Vooralsnog volstaan we met de opsomming van de risico's die we op dit moment onderkennen. Deze zijn in de volgende paragraaf verwoord.

Samen met ons administratiekantoor gaan we in 2016 een project starten waarin we streven naar  procesoptimalisatie met als voornaamste doelen: sneller inzicht in informatie, vereenvoudiging van processen met minder foutkans.

Flexibiliteit
Naast het zorgen voor voldoende financiële buffers en het beheersen van risico's, is ook kostenflexibiliteit een manier om risico’s te verminderen en te beheersen. Met behulp van het instrument dat we samen met de PO-Raad hebben ontwikkeld, bewaken we jaarlijks in hoeverre we onze baten kunnen verhogen en onze kosten kunnen verlagen en waar we flexibiliteit kunnen inbouwen. Uit voorgaande analyses blijkt dat we ongeveer 1% van onze begroting binnen zes maanden kunnen beïnvloeden en 2% binnen een jaar. Op langere termijn is een grotere flexibiliteit mogelijk.

9.5.5 Beschrijving van de belangrijkste risico's en onzekerheden (B2)

In onderstaande diagram zijn de conclusies uit onze uitgebreide risico-analyse van 2012 weergegeven:  



Hieruit hebben we in 2012 de conclusie getrokken dat er geen domeinen zijn waar er sprake is van een urgent risico. Op de domeinen Personeel, Organisatie en Huisvesting zijn er middelgrote risico’s en op de gebieden Onderwijs&Identiteit, PR&communicatie en Financiën waren er geen risico’s die extra aandacht vroegen. Er  waren binnen de domeinen wel urgente risico’s die nog niet volledig werden beheerst. Hiervoor was voldoende bufferliquiditeit aanwezig.
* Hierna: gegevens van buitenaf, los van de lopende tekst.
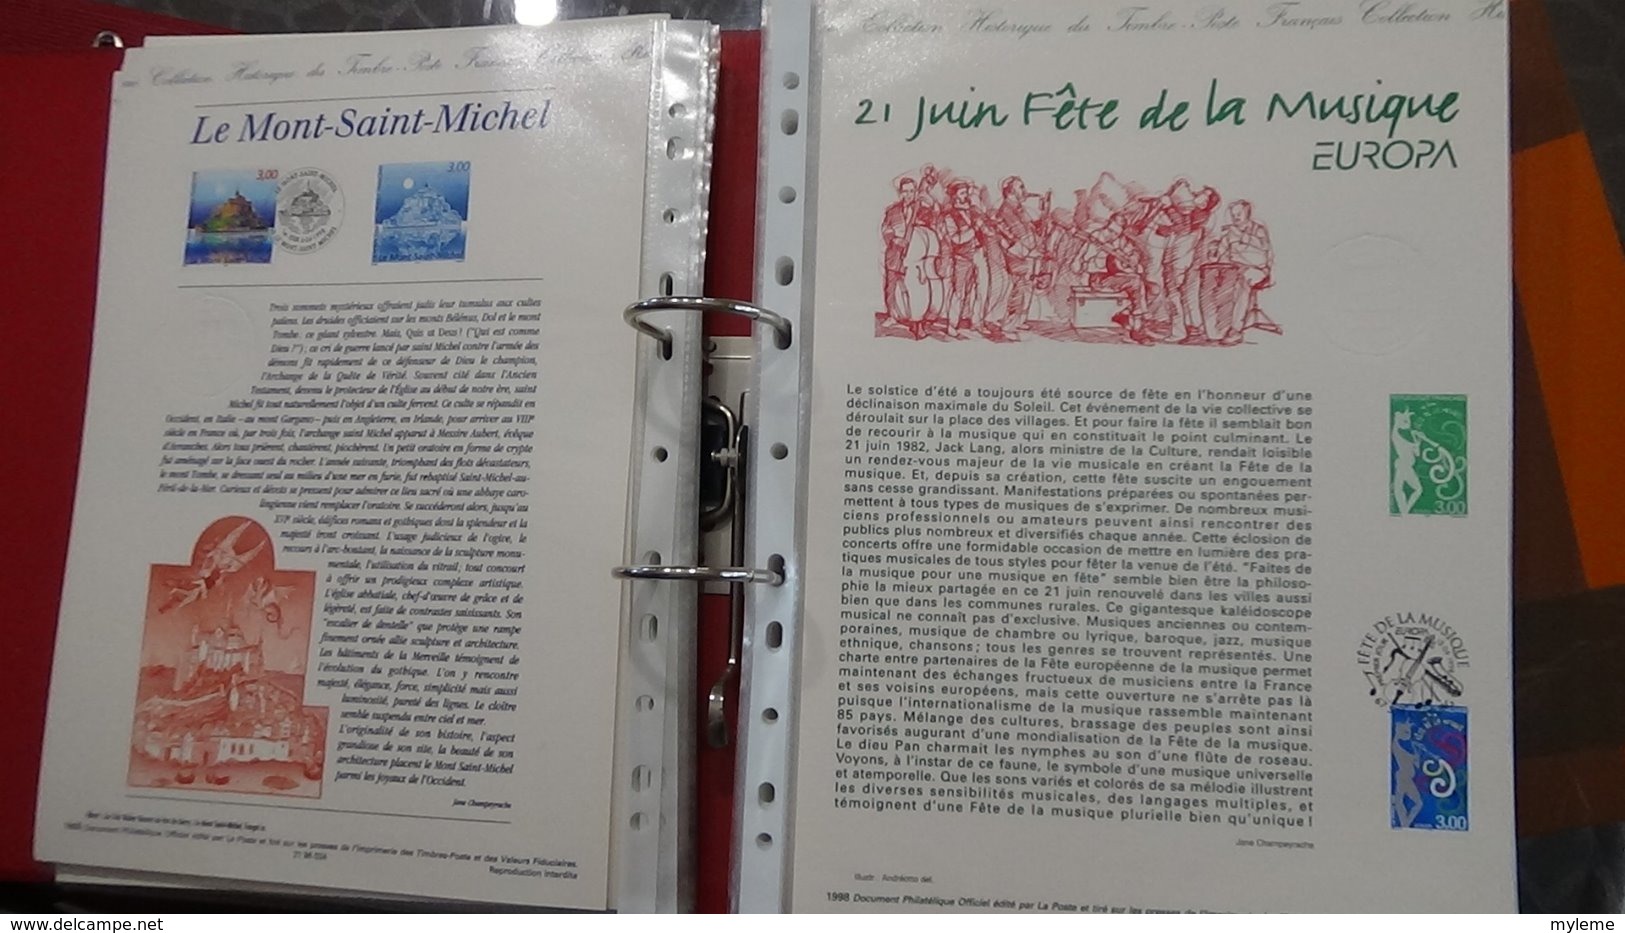 48 Documents philatéliques an 1998 complète (côte 2003 : 570 euros) PORT 8.80 euros COLISSIMO OFFERT (pour la France)

In november 2013  is de risico-analyse opnieuw beoordeeld om na te gaan in hoeverre de geplande maatregelen effect hebben gehad. We kunnen constateren dat we in veruit de meeste gevallen vooruitgang hebben geboekt, dan wel stappen hebben gezet ter vermindering van risico’s. Voor een uitgebreid overzicht hiervan verwijzen we naar paragraaf 4.5.7. van ons jaarrapport 2013. In mei 2014 heeft de Raad van Toezicht de risico-analyse besproken voor het domein Bestuur en Organisatie en Passend Onderwijs. De risico’s voor het domein Bestuur en organisatie zijn binnen de RvT als laag ingeschat. Er zijn daarnaast vier gebieden die als risico zijn toegevoegd op het gebied van Passend Onderwijs:

  1. het niet kunnen voldoen aan de zorgplicht voor Passend Onderwijs als ouders specifiek kiezen voor het openbaar onderwijs, terwijl Surplus dit niet kan aanbieden. Dit kan imagoschade opleveren;
  2. het zorgprofiel van een school zorgt voor groei van het aantal zorgleerlingen, waardoor ‘druk’ op de school wordt vergroot en de grenzen van de competenties van leerkrachten worden bereikt;
  3. het so-sbao wordt te klein door bijvoorbeeld krimp, waardoor de druk op de resultaten toeneemt;
  4. er zijn conflicten in het bestuur van het Samenwerkingsverband, waardoor samenwerking tussen scholen in gevaar komt;
  5. krimp van het aantal leerlingen kan zorgen voor onderlinge concurrentie tussen scholen/besturen, wat de samenwerking nadelig kan beïnvloeden;
  6. landelijke/politieke ontwikkelingen kunnen zorgen voor vergaande beleidswijzigingen en druk op de besturen.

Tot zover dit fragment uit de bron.